• Source material:
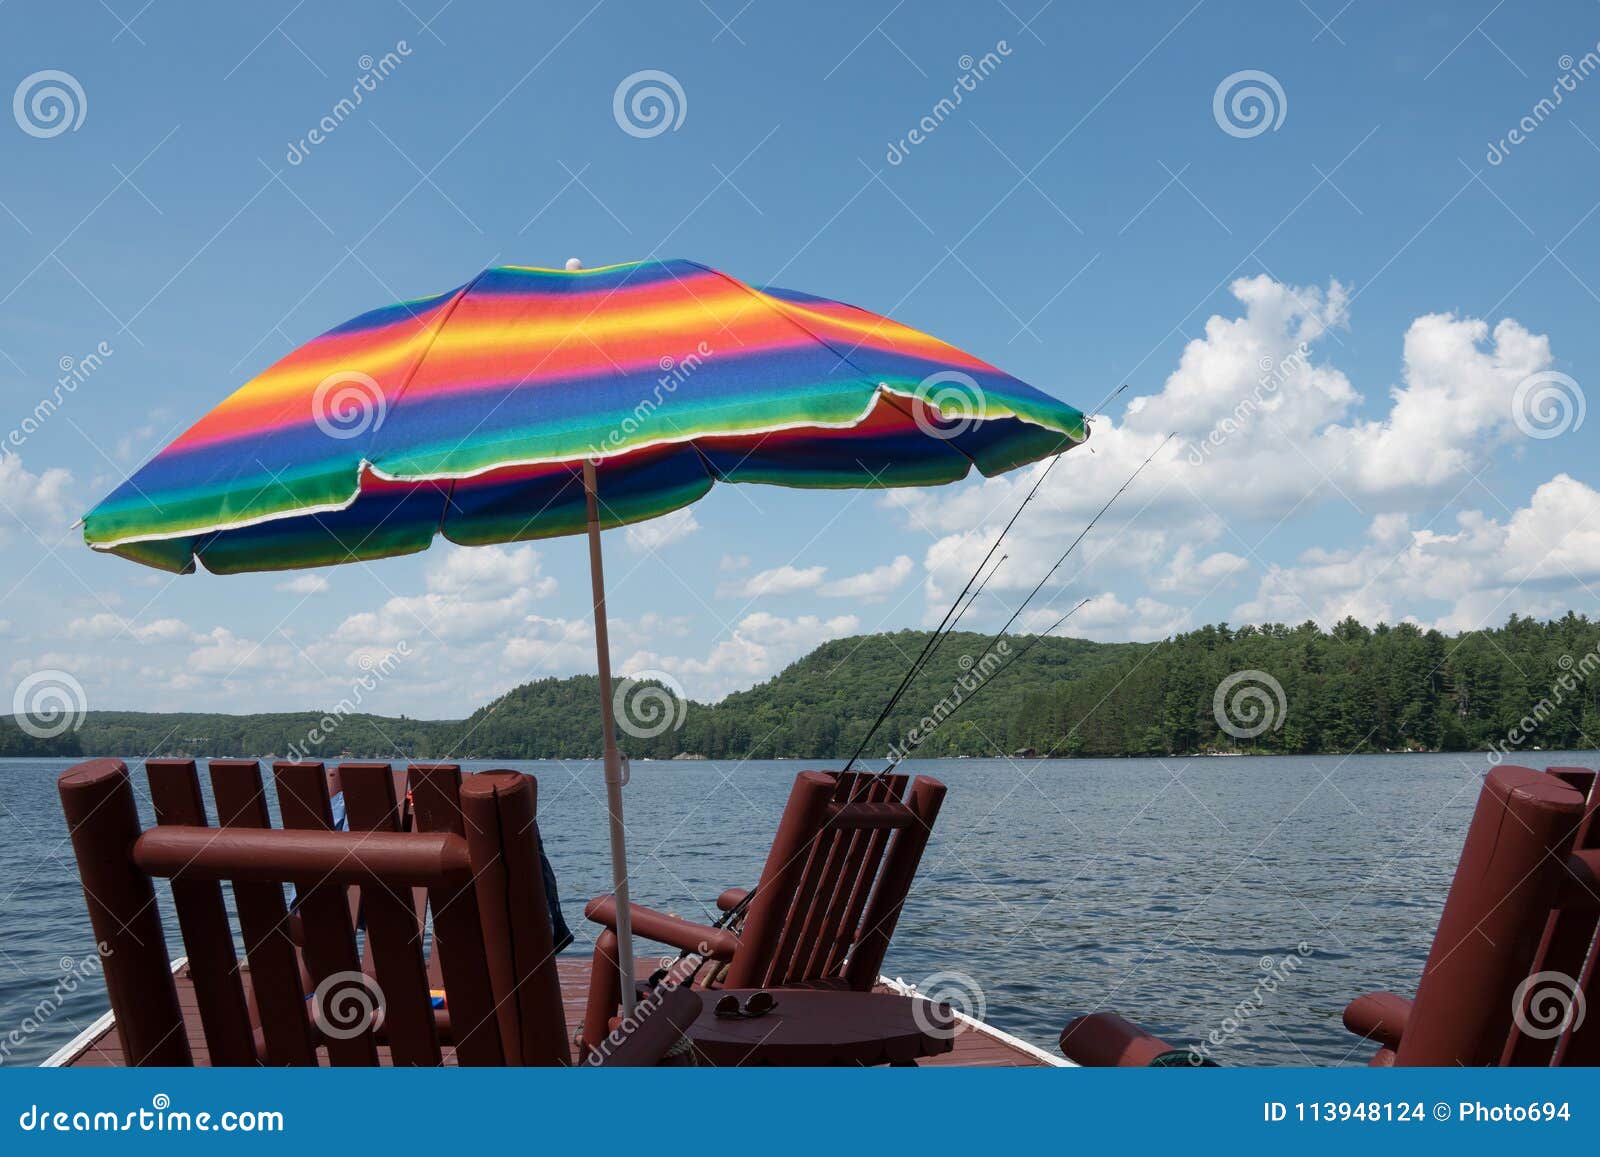 A Multi-colored Sunshade Umbrella on a Lakeside Dock Stock Photo
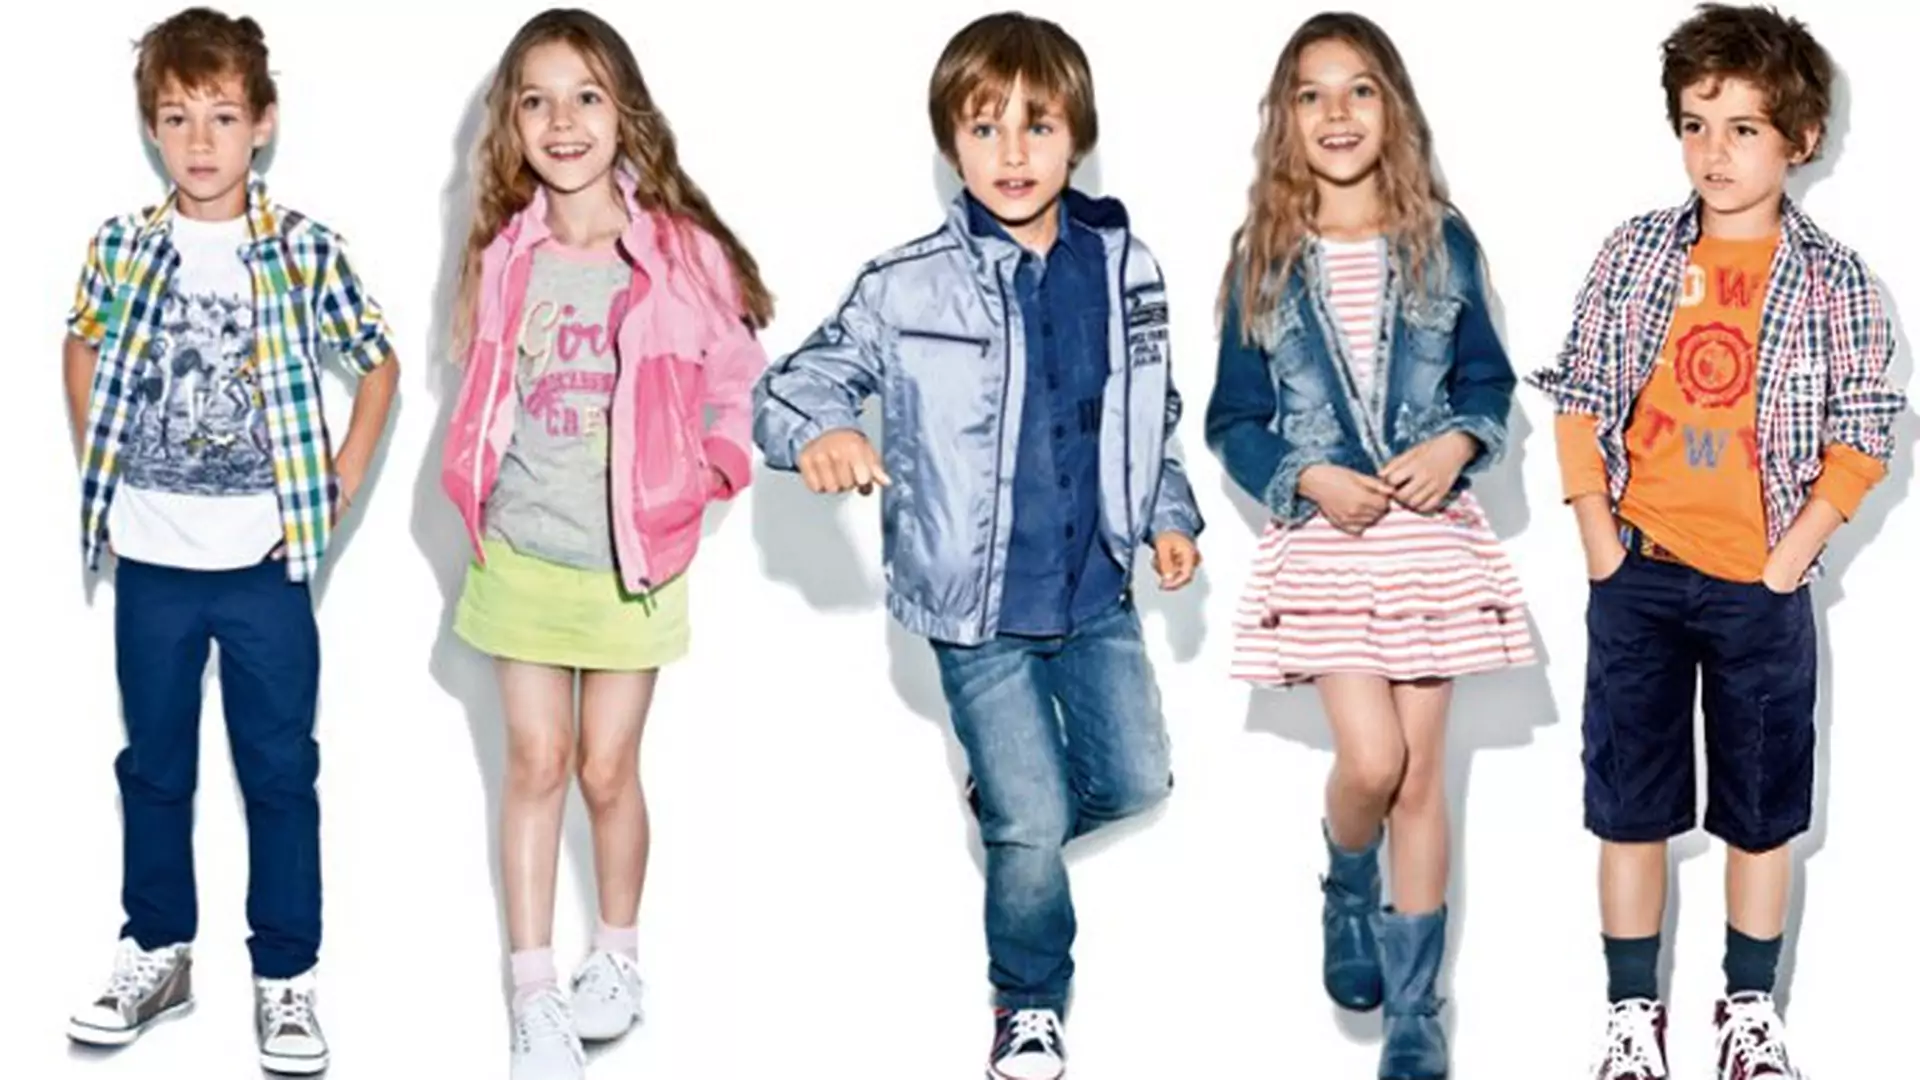 Buty Geox dla dzieci - zdrowie i moda w jednym
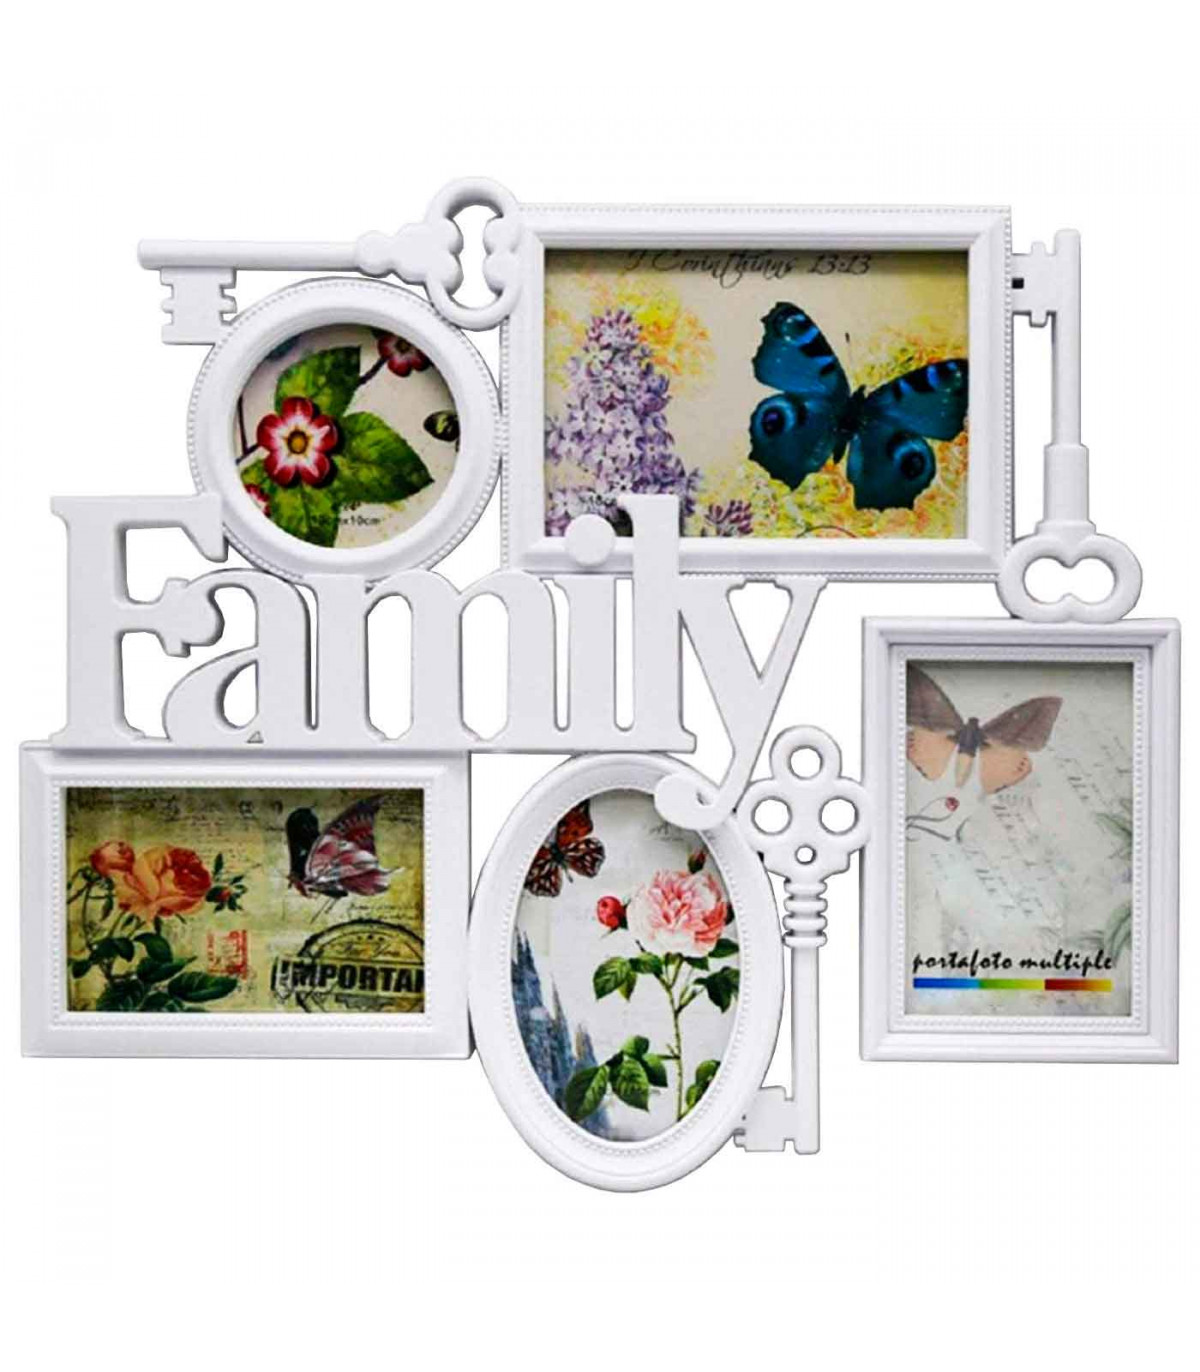 Marco para 5 fotos de pared múltiple 39 x 45 x 2 cm decoración del hogar  family. Multimarco portafotos color blanco

• How to complete this task: Pictures are not part of the copy; retype all the other material exactly.

• Exercise solution:
 A Multi-colored Sunshade Umbrella on a Lakeside Dock Stock Photo
 Buty Geox dla dzieci - zdrowie i moda w jednym
 Marco para 5 fotos de pared múltiple 39 x 45 x 2 cm decoración del hogar  family. Multimarco portafotos color blanco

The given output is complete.